What to do
Please return the data word for word and leave out any picture it contains.

Information supplied
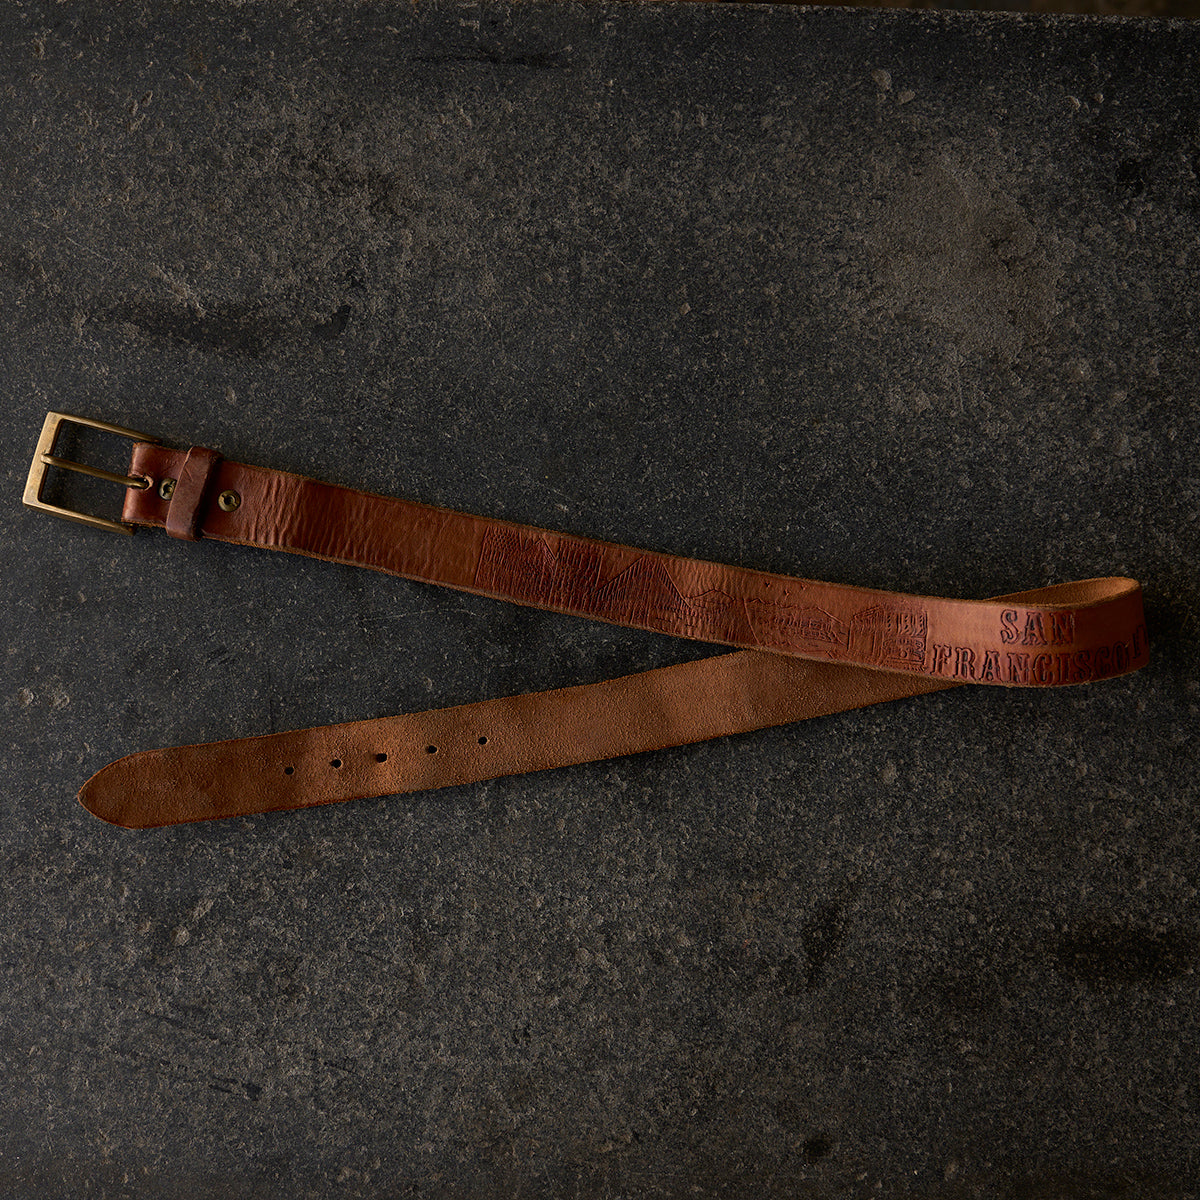 Vintage Distressed Black Brown Leather Belt 100% Real Leather Full Grain  Veg Tan Aged With Antique Silver or Brass Buckle 
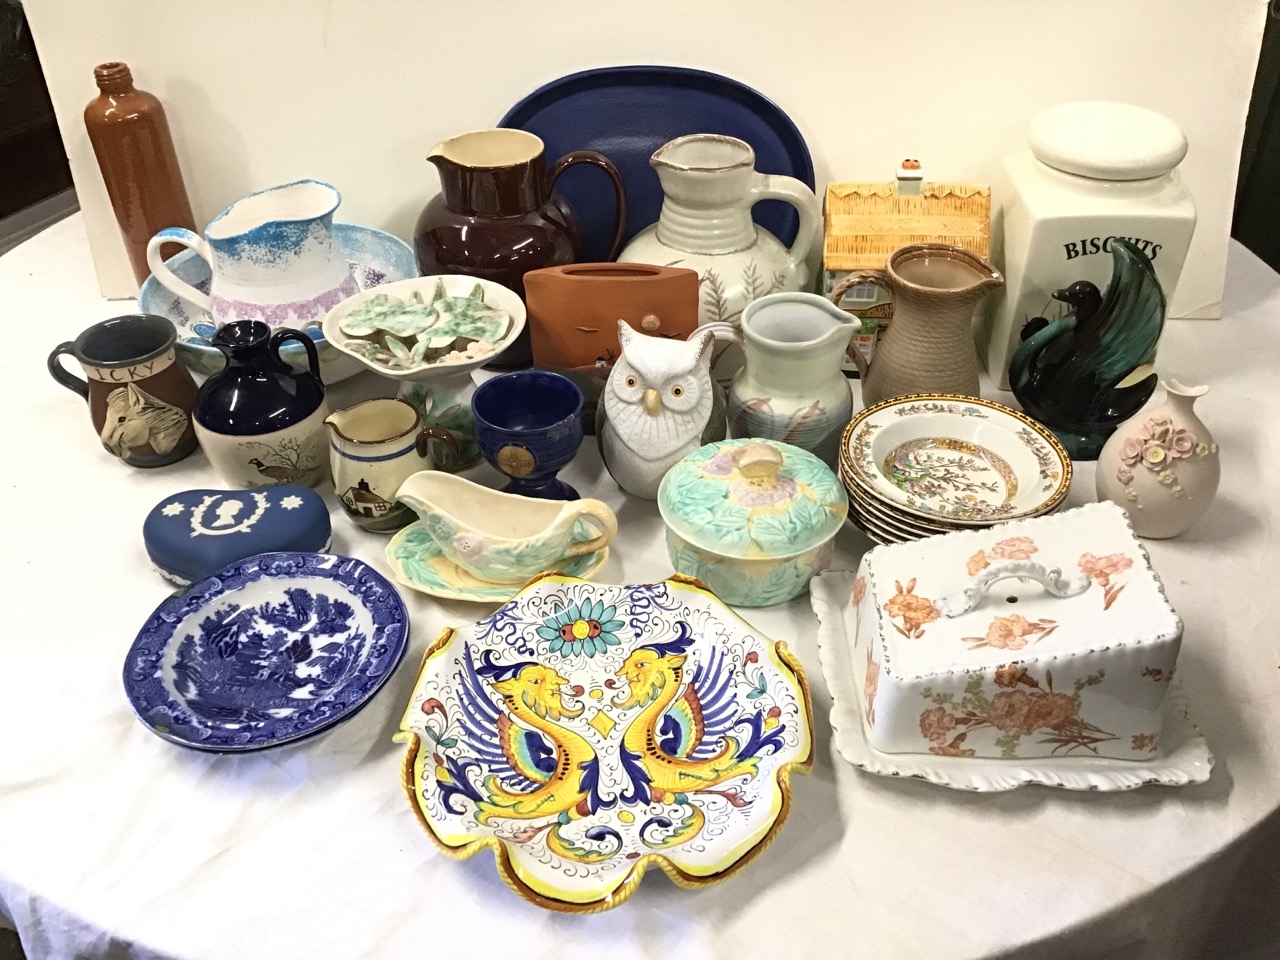 Miscellaneous ceramics - a West German stoneware jug, a pair of Maling bowls, motto ware, a chalice,
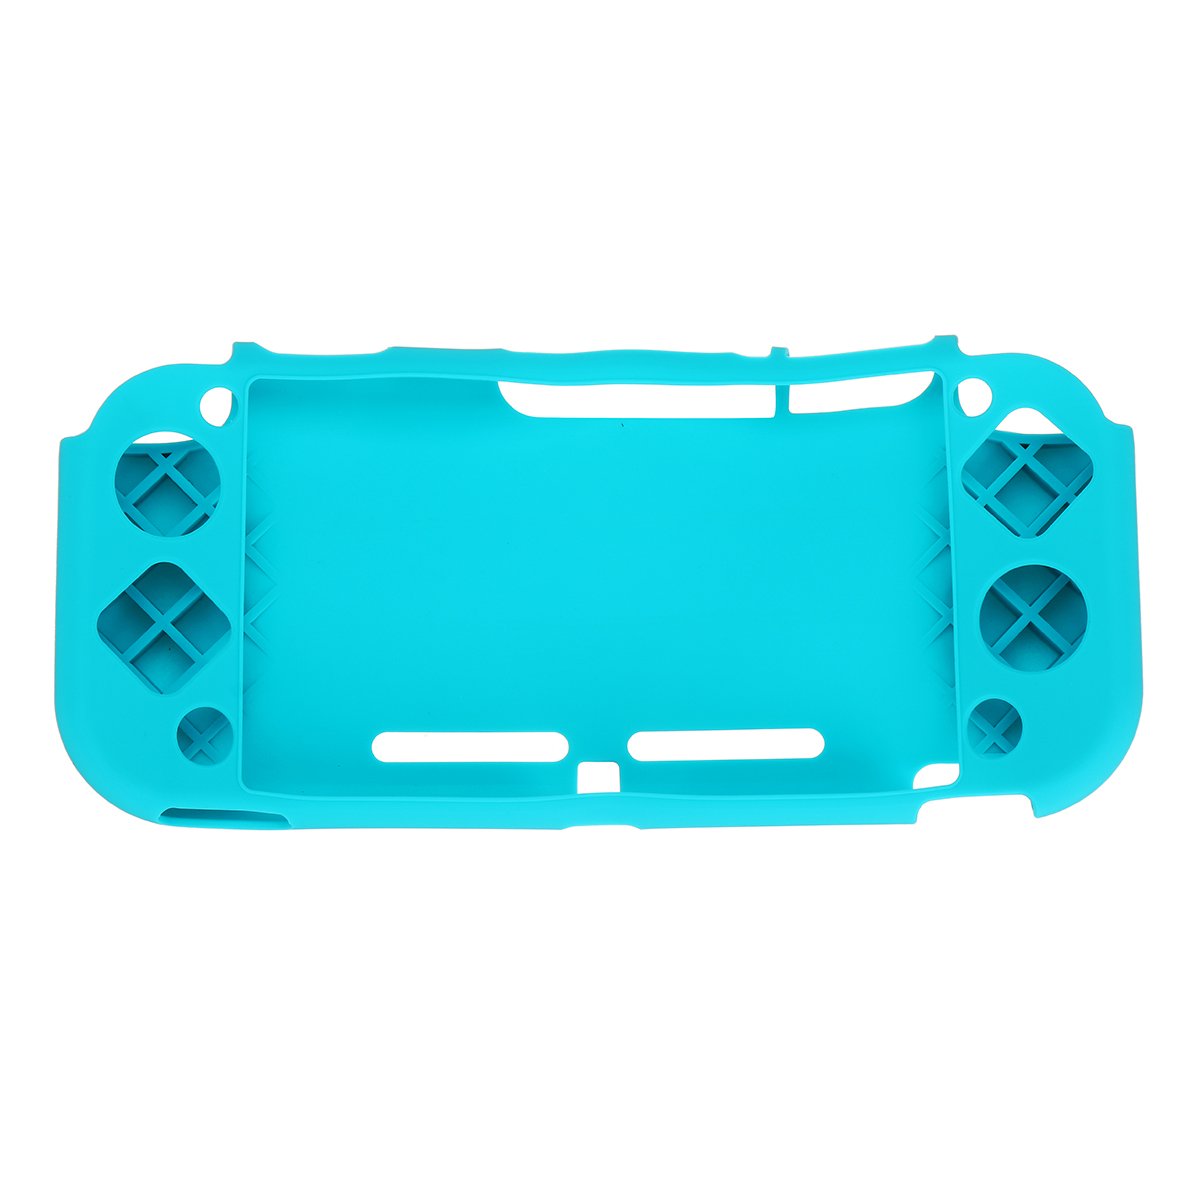 Protective Soft Silicone Case Cover Shell For Nintendo Switch Lite Game Console

Written response
 Vintage Distressed Black Brown Leather Belt 100% Real Leather Full Grain  Veg Tan Aged With Antique Silver or Brass Buckle 
 Miscellaneous ceramics - a West German stoneware jug, a pair of Maling bowls, motto ware, a chalice,
 Protective Soft Silicone Case Cover Shell For Nintendo Switch Lite Game Console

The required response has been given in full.